-- Given entries --
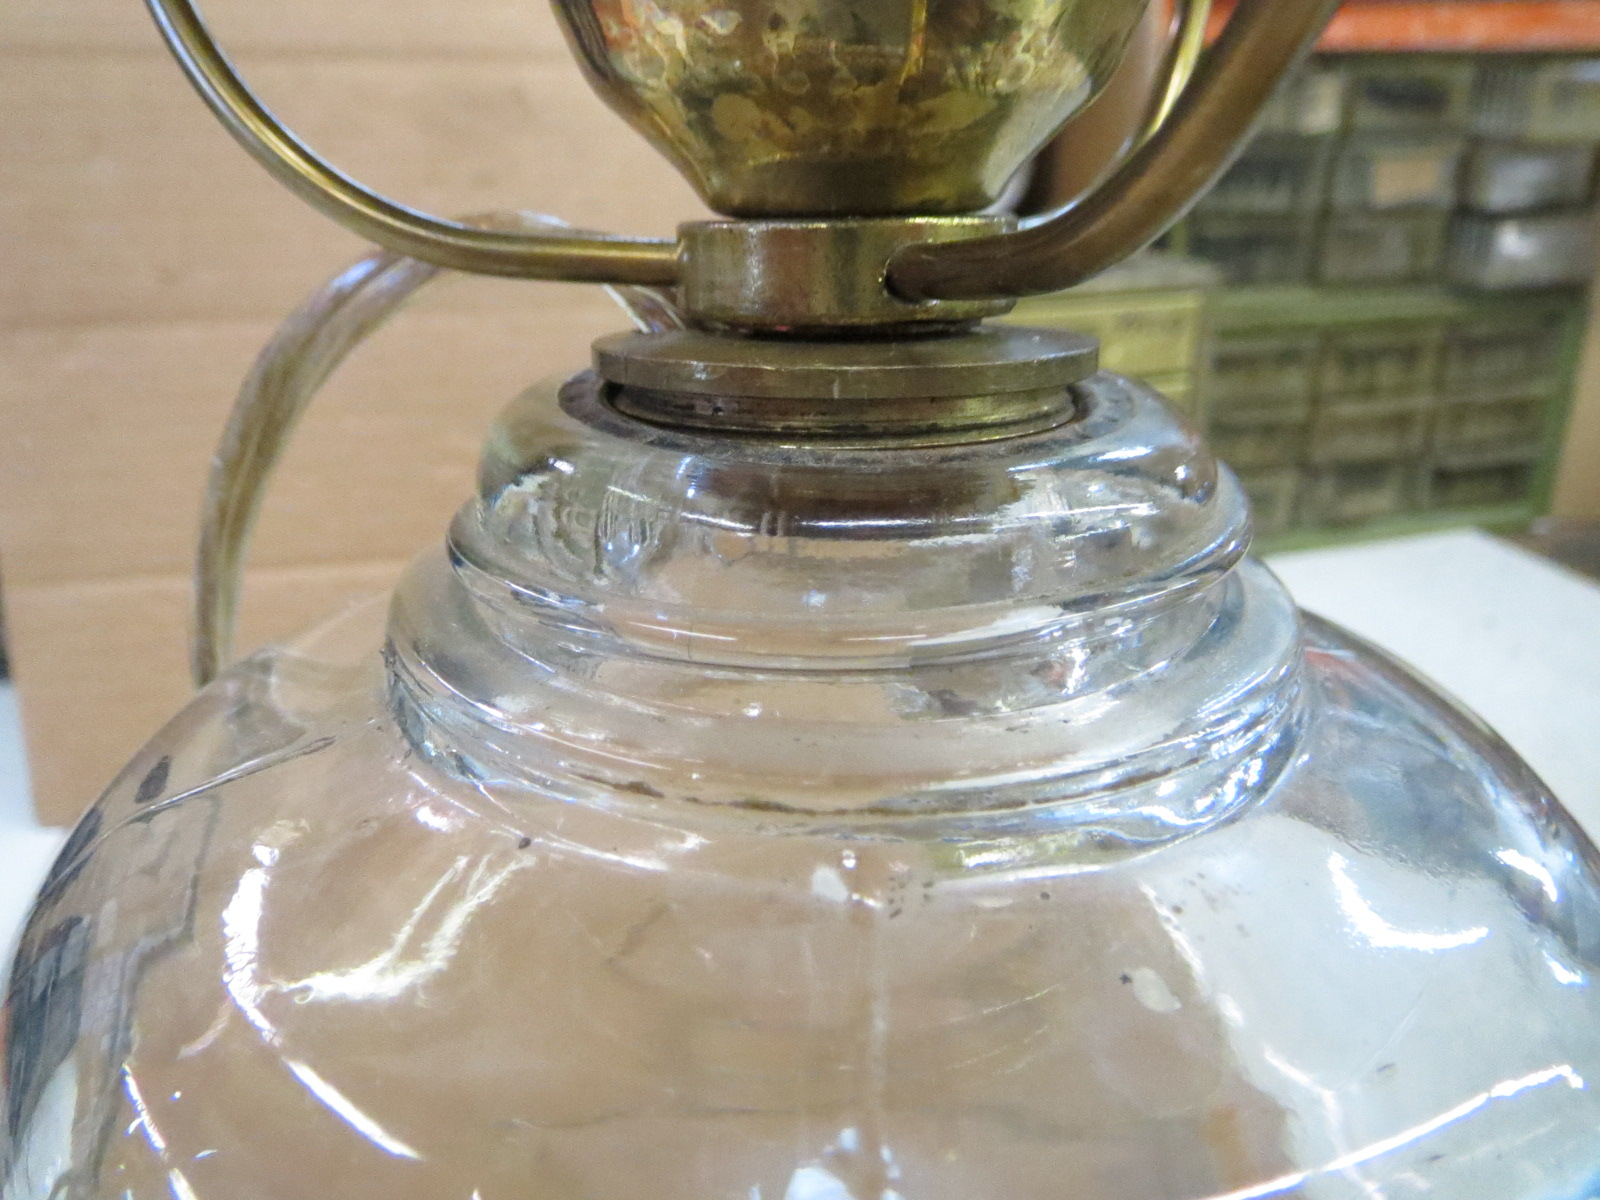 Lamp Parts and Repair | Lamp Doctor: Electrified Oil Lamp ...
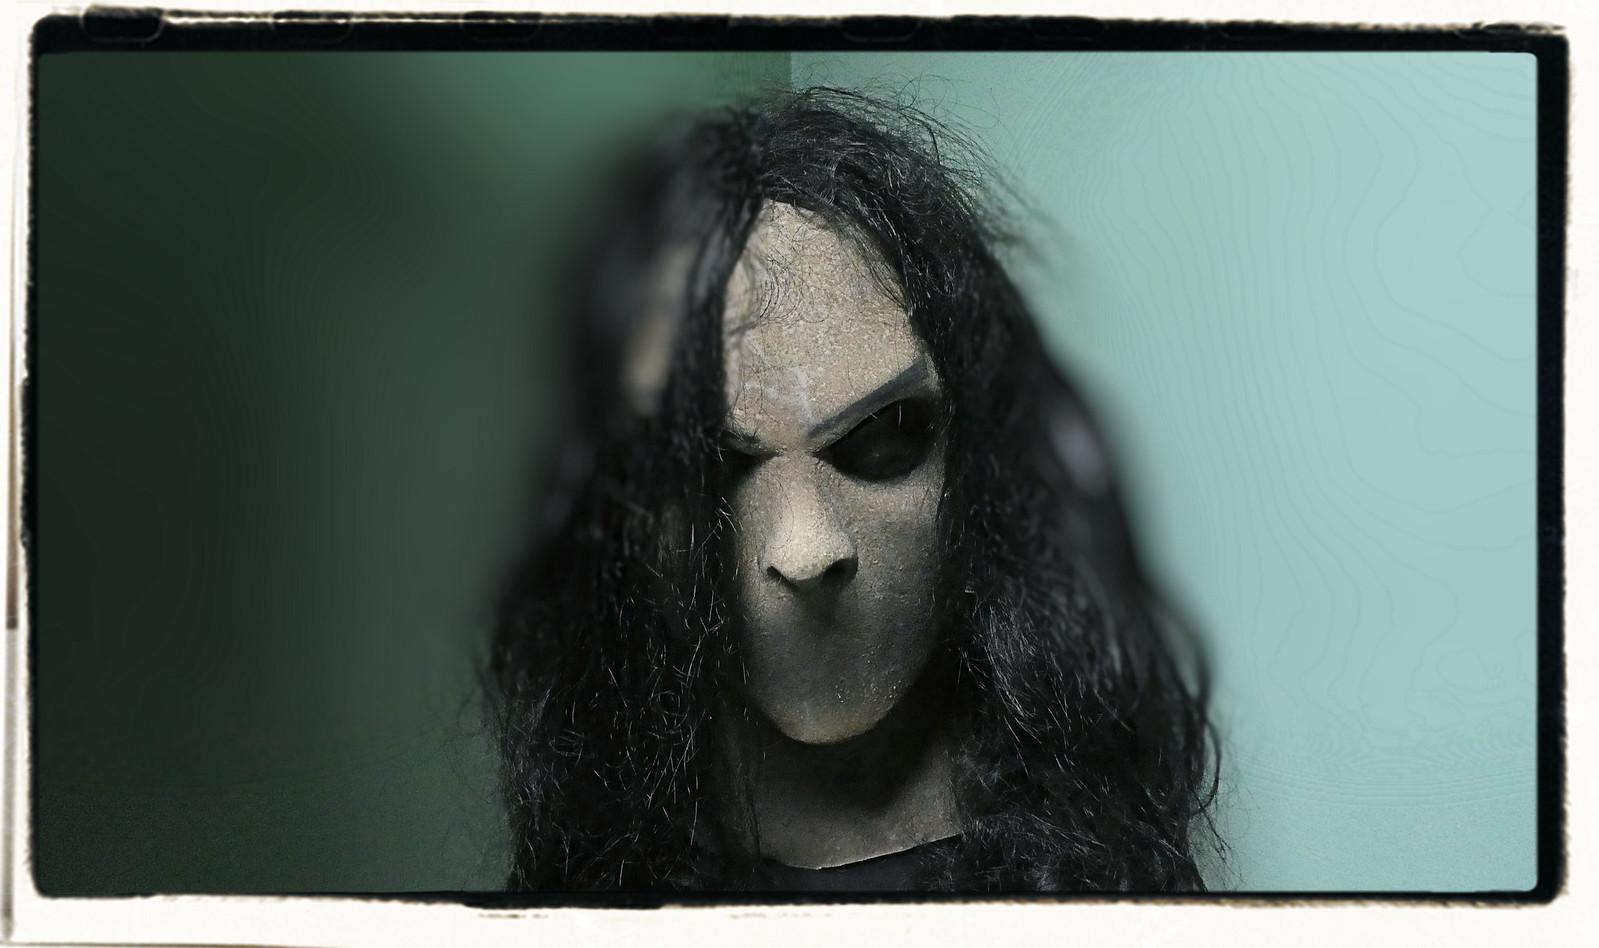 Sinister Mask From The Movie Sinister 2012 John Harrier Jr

---

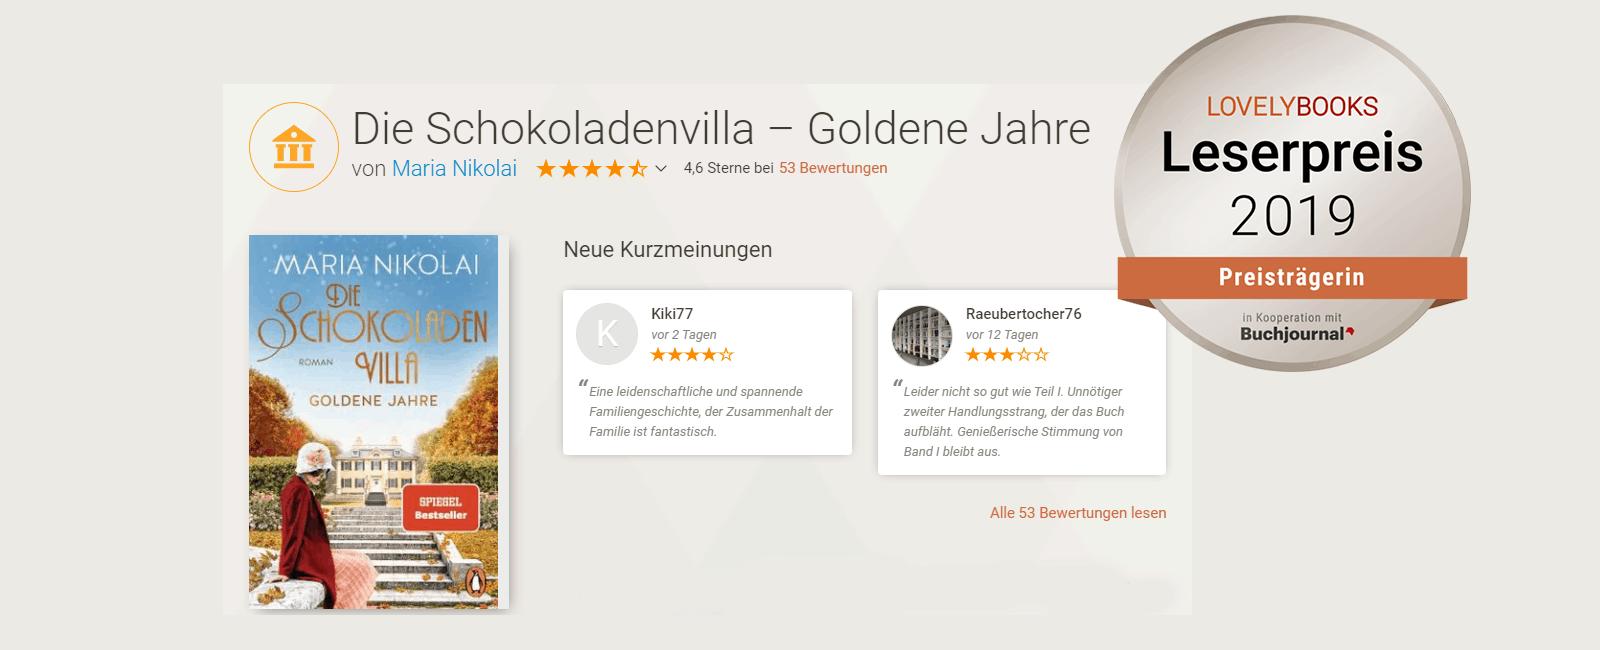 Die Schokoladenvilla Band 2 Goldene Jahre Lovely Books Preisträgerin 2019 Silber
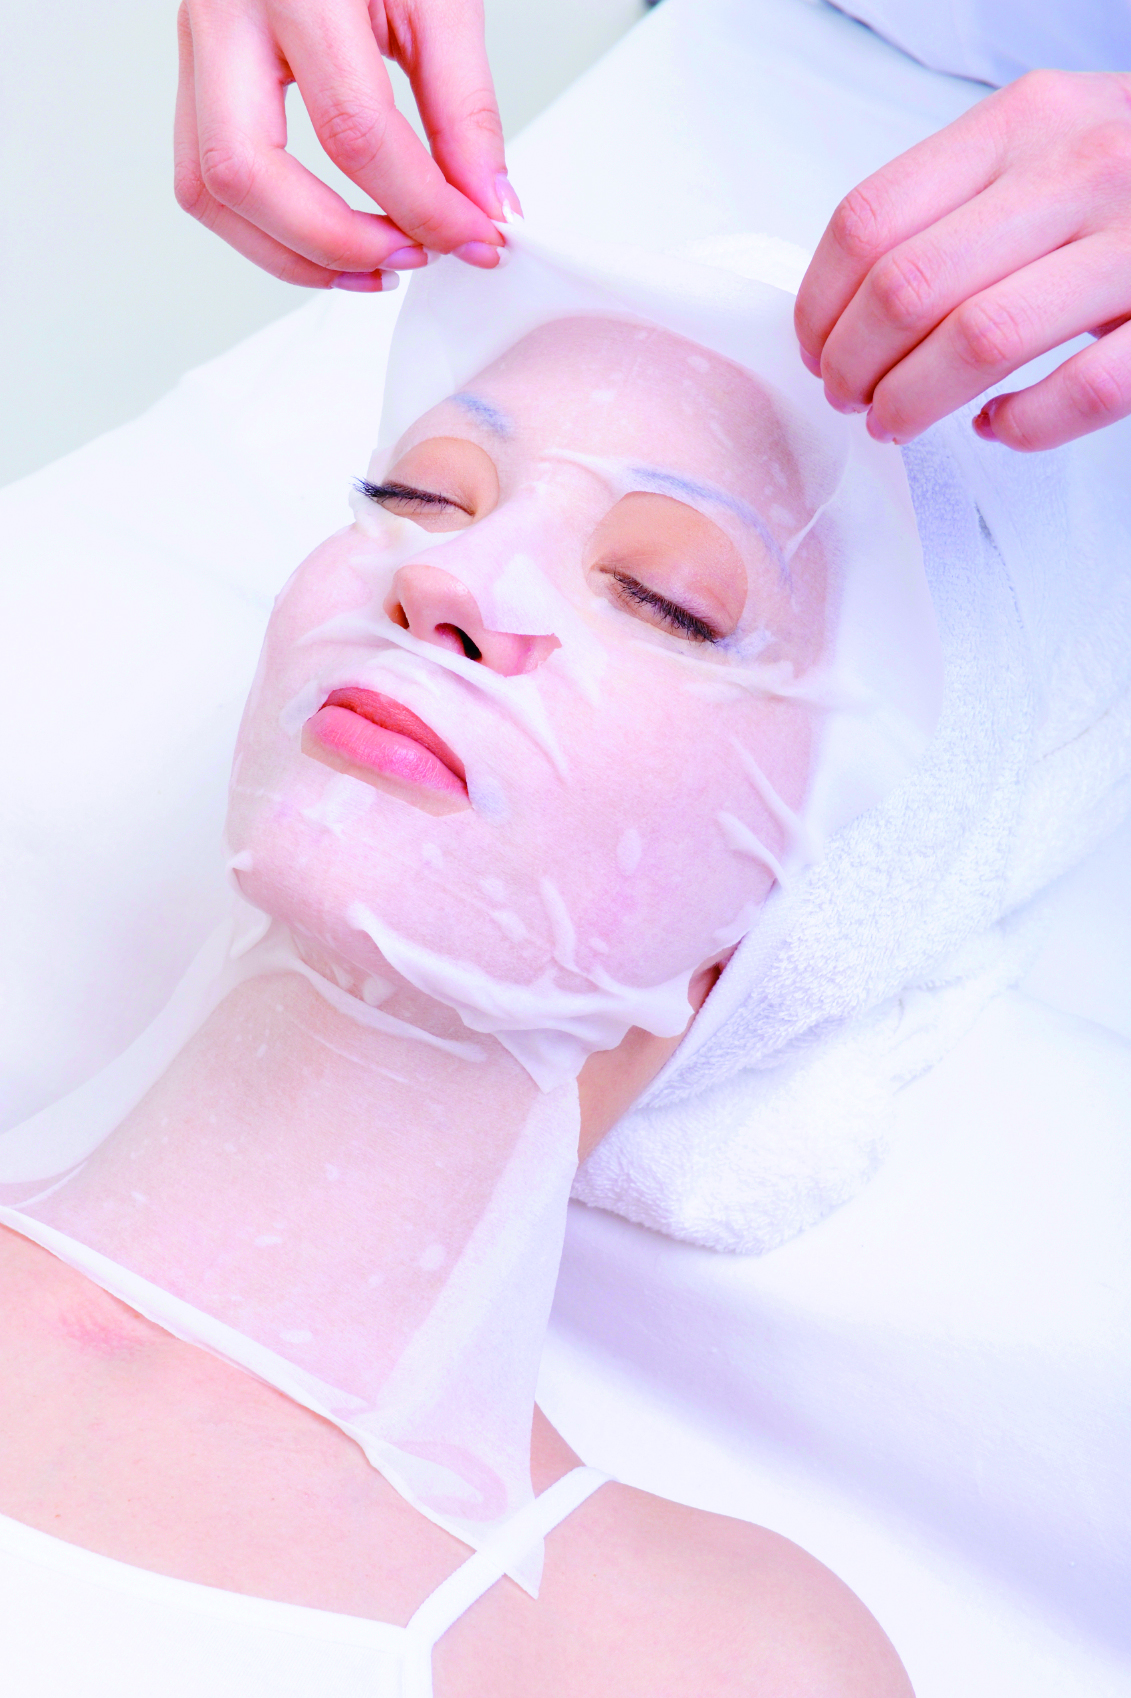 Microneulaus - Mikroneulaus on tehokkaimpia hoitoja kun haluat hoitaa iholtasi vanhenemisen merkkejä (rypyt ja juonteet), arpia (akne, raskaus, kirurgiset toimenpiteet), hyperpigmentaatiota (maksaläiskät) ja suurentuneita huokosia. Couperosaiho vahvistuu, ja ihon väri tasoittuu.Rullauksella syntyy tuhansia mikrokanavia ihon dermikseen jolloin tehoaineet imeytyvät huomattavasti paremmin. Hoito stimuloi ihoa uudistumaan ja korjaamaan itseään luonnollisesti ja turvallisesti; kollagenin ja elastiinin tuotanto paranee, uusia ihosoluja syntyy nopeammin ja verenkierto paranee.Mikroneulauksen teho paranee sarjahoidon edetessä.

--

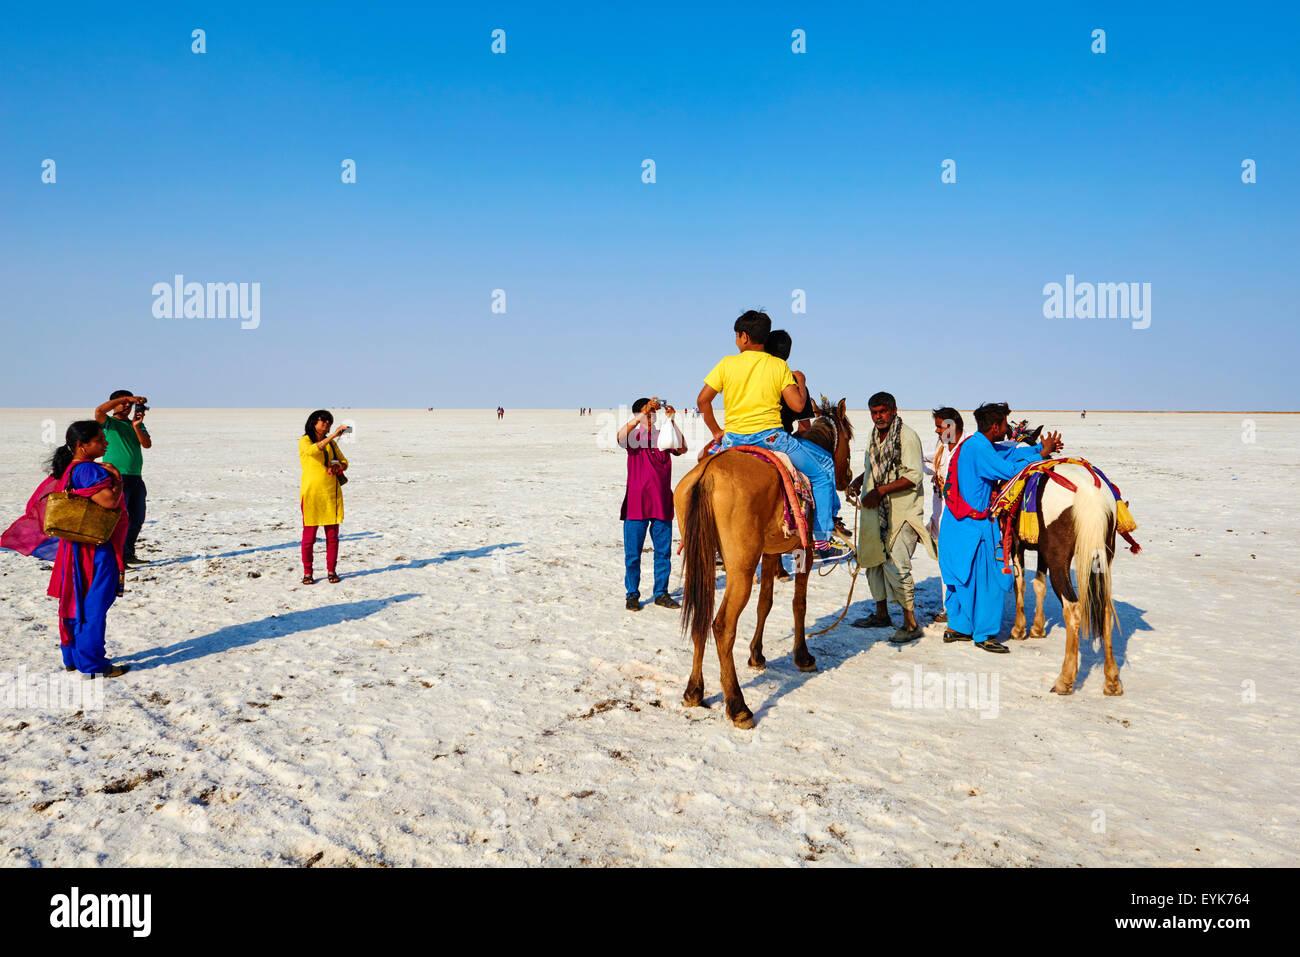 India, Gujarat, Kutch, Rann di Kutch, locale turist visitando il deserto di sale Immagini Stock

-- Exercise goal --
Write out exactly the run of lines above that starts at the line containing "Lamp Parts and" and ends at the line containing "Sinister Mask From". Include both, and leave the pictures out.

-- Result --
 Lamp Parts and Repair | Lamp Doctor: Electrified Oil Lamp ...
 Sinister Mask From The Movie Sinister 2012 John Harrier Jr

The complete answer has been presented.